4. Kill everyone in ISIS.

This is an hopelessly vague idea, and is almost certainly impossible.  Who are we defining as ISIS?  Obviously not just senior leadership, or we’d be back at #3.  Is it anyone who’s been involved in the planning or execution of an attack that’s already occurred?  We might be able to accomplish that, though it’s worth noting that even that seemingly modest goal could prove quite difficult.  One of the men alleged to have been involved in the 2000 bombing of the USS Cole in Yemen still remains at largeAnother two were killed more than a decade after the fact.

What if the campaign to kill the people we’ve currently identified as ISIS leads to civilian casualties that increases ISIS recruitment?  That almost certainly will happen, given the precedent in America’s other recent wars.  So does killing everyone in ISIS mean creating new terrorists for us to kill?
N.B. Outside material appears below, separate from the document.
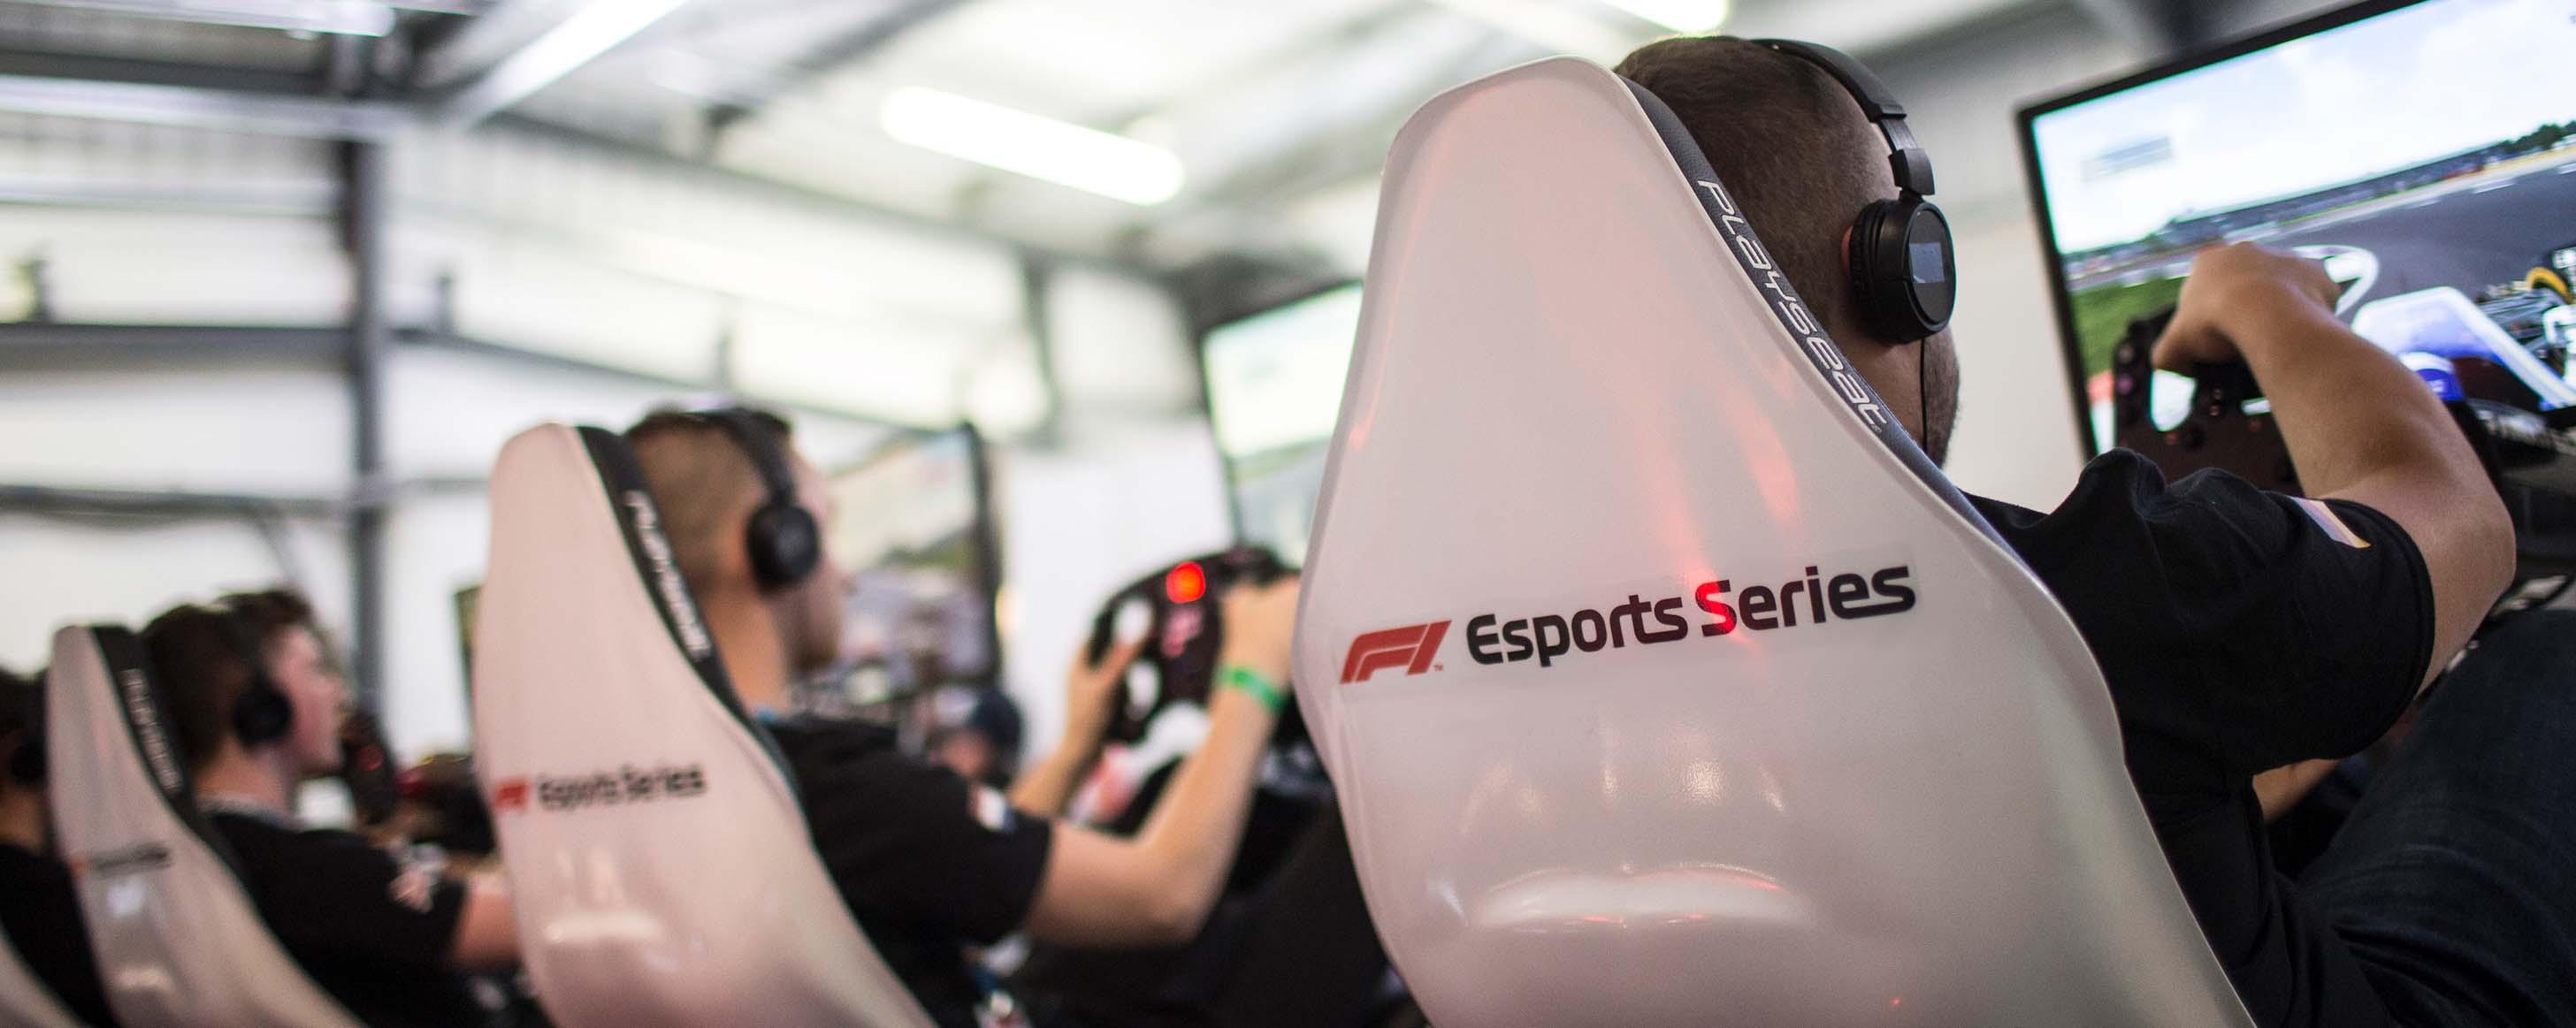 F1 Esports Series 2018: What's Next?
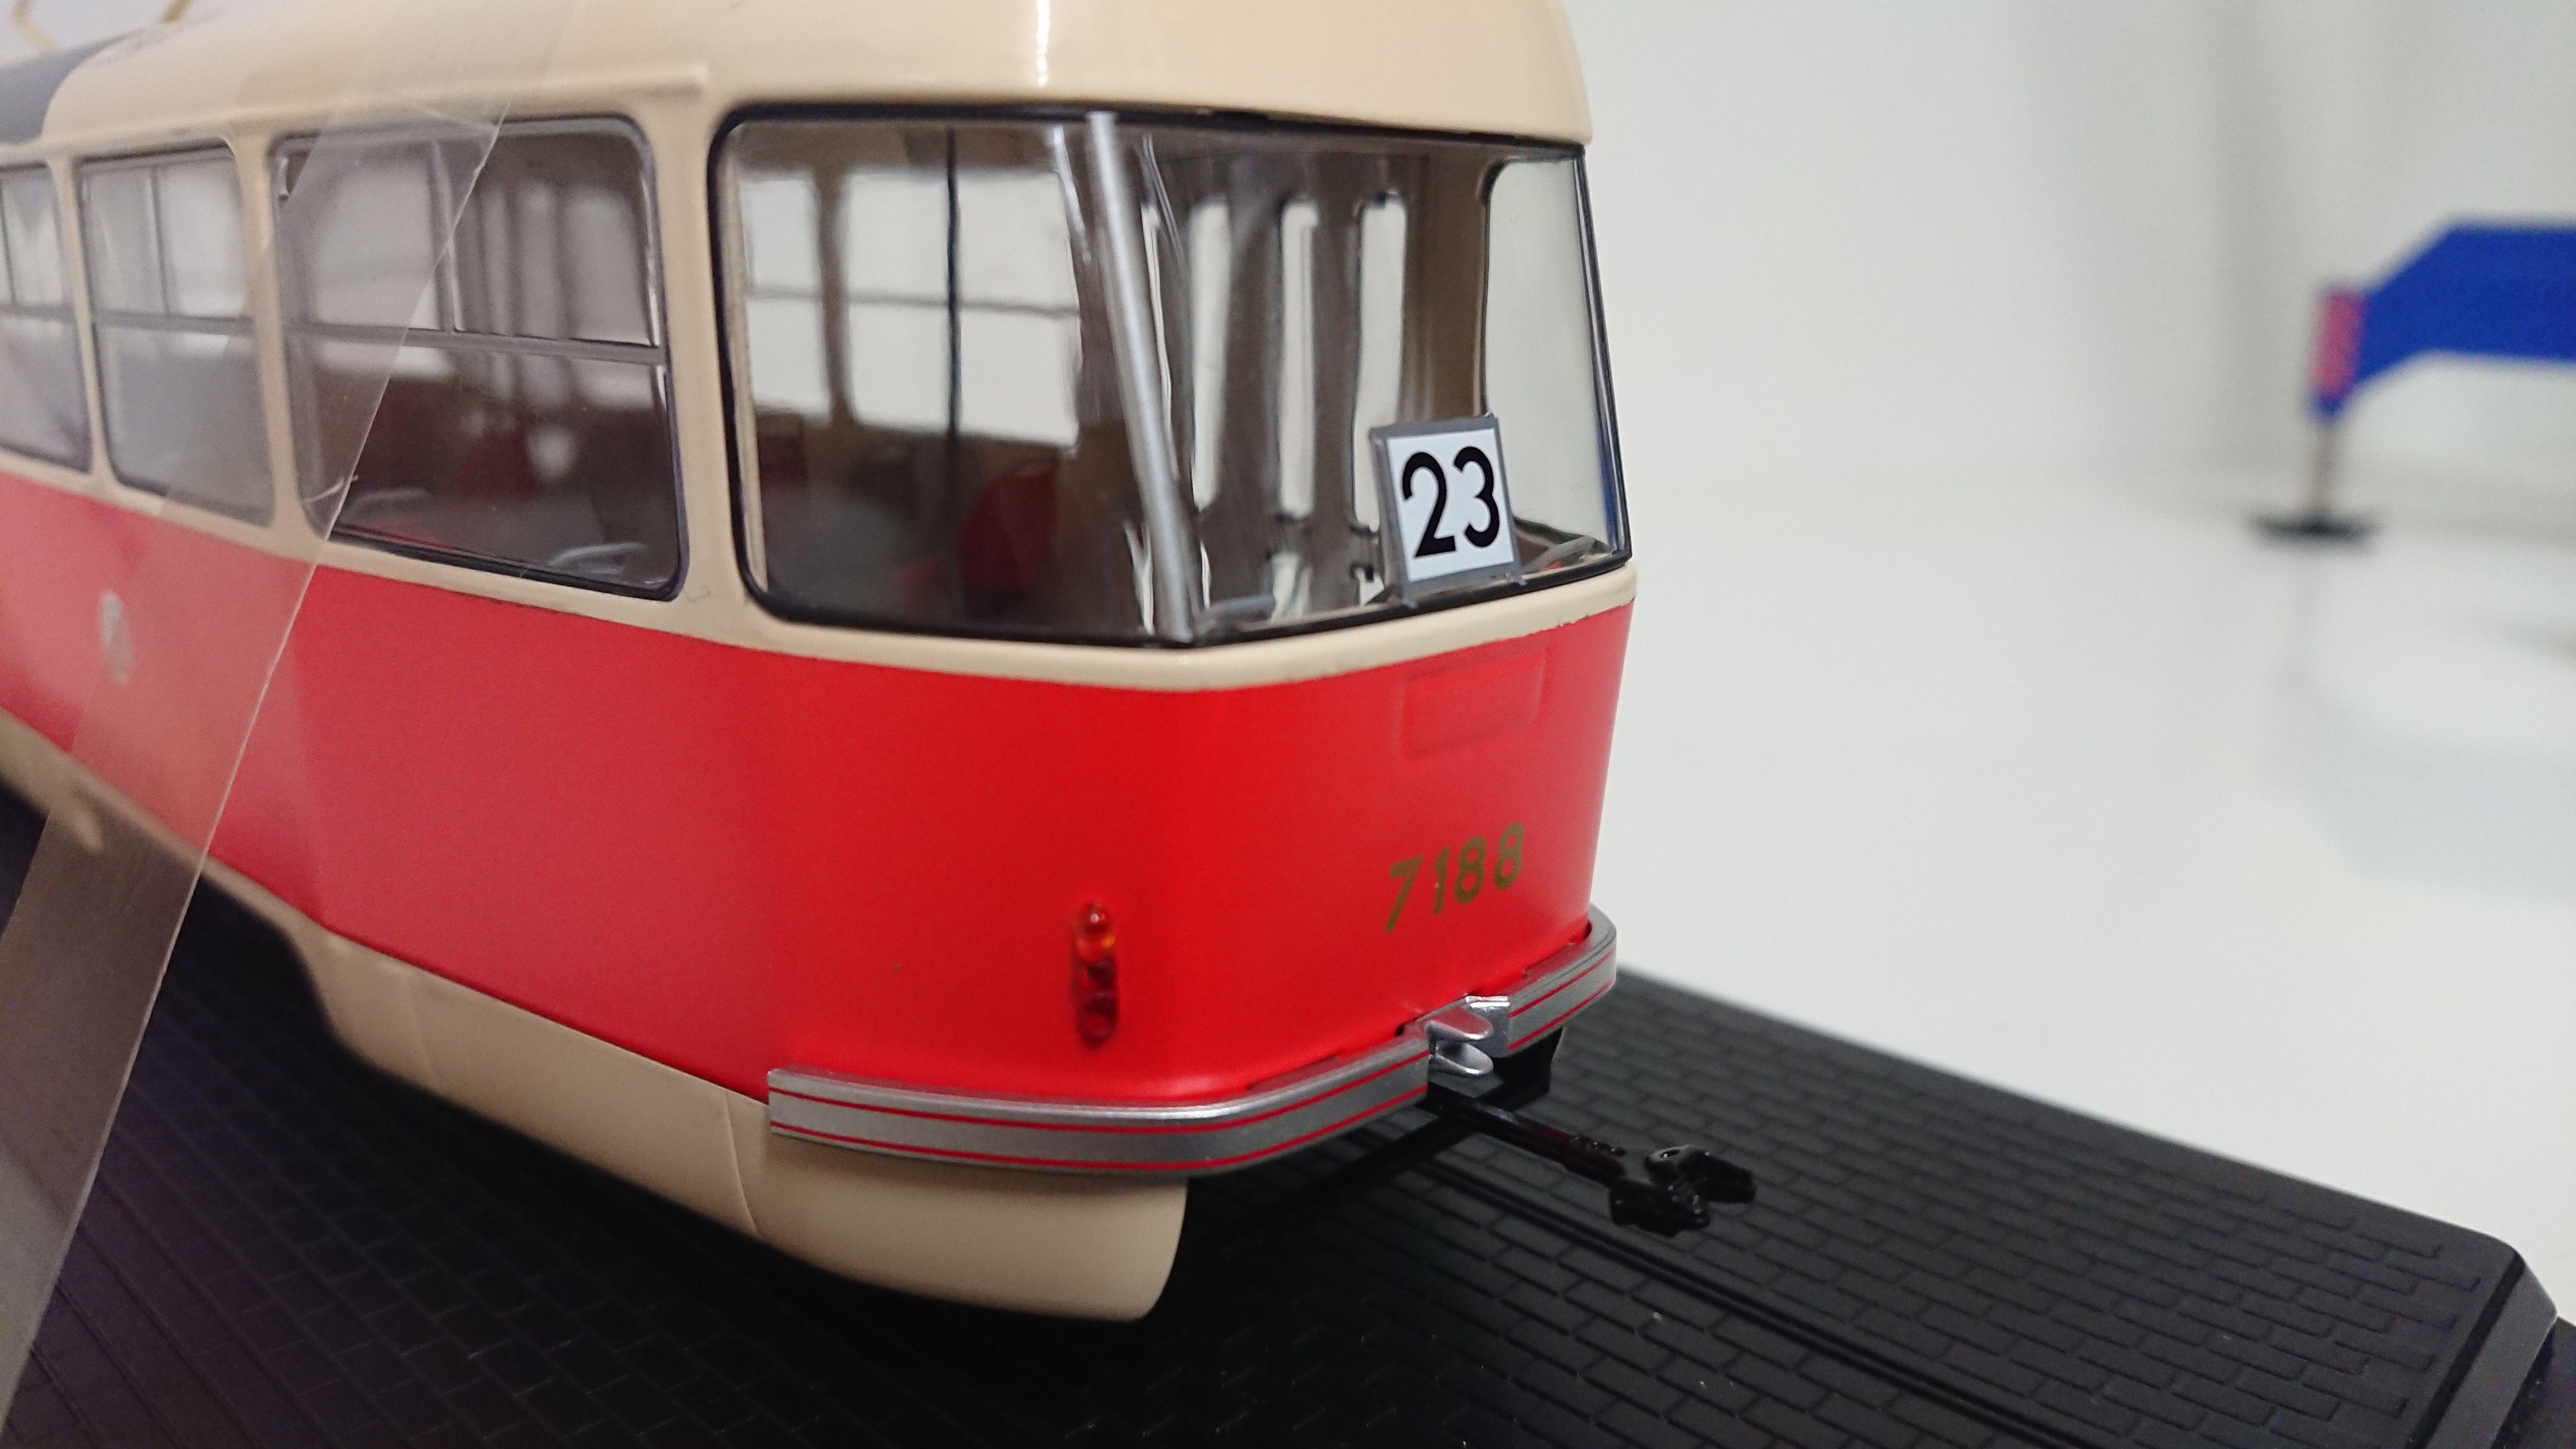 Macheta tramvai Tatra T3, scara 1:432

What about people who have never been active in any ISIS campaign in any direct sense, but have provided them with housing or food or transport or other support?  One of the most important things that the excellent book No Good Men Among The Living gets across about the conflict with the Taliban and al Qaeda in Afghanistan is how frequently people have changed sides over the past several decades.  People have often switched their allegiance to the Soviets, the Taliban, the U.S., al Qaeda, and back and forth.  They switch sides not because they’re bad people, but because they want simple things like a decent living and security for their family, and they’ll go wherever they think they can find those things.  So in places like Syria, are we including all of those people in ISIS too?  Must we kill all of them?  And isn’t that just going to create more enemies that we then have to kill, creating more enemies that we then have to kill, creating . . .

So this all leads back to my original question: what exactly would it mean to defeat ISIS and how would we know we were successful?  It seems to me as though people who want to “defeat” ISIS don’t really know what they mean or how we would go about doing it, they just think it sounds like the kind of thing you ought to say.  Which is probably not a good way to decide whether or not to go to war.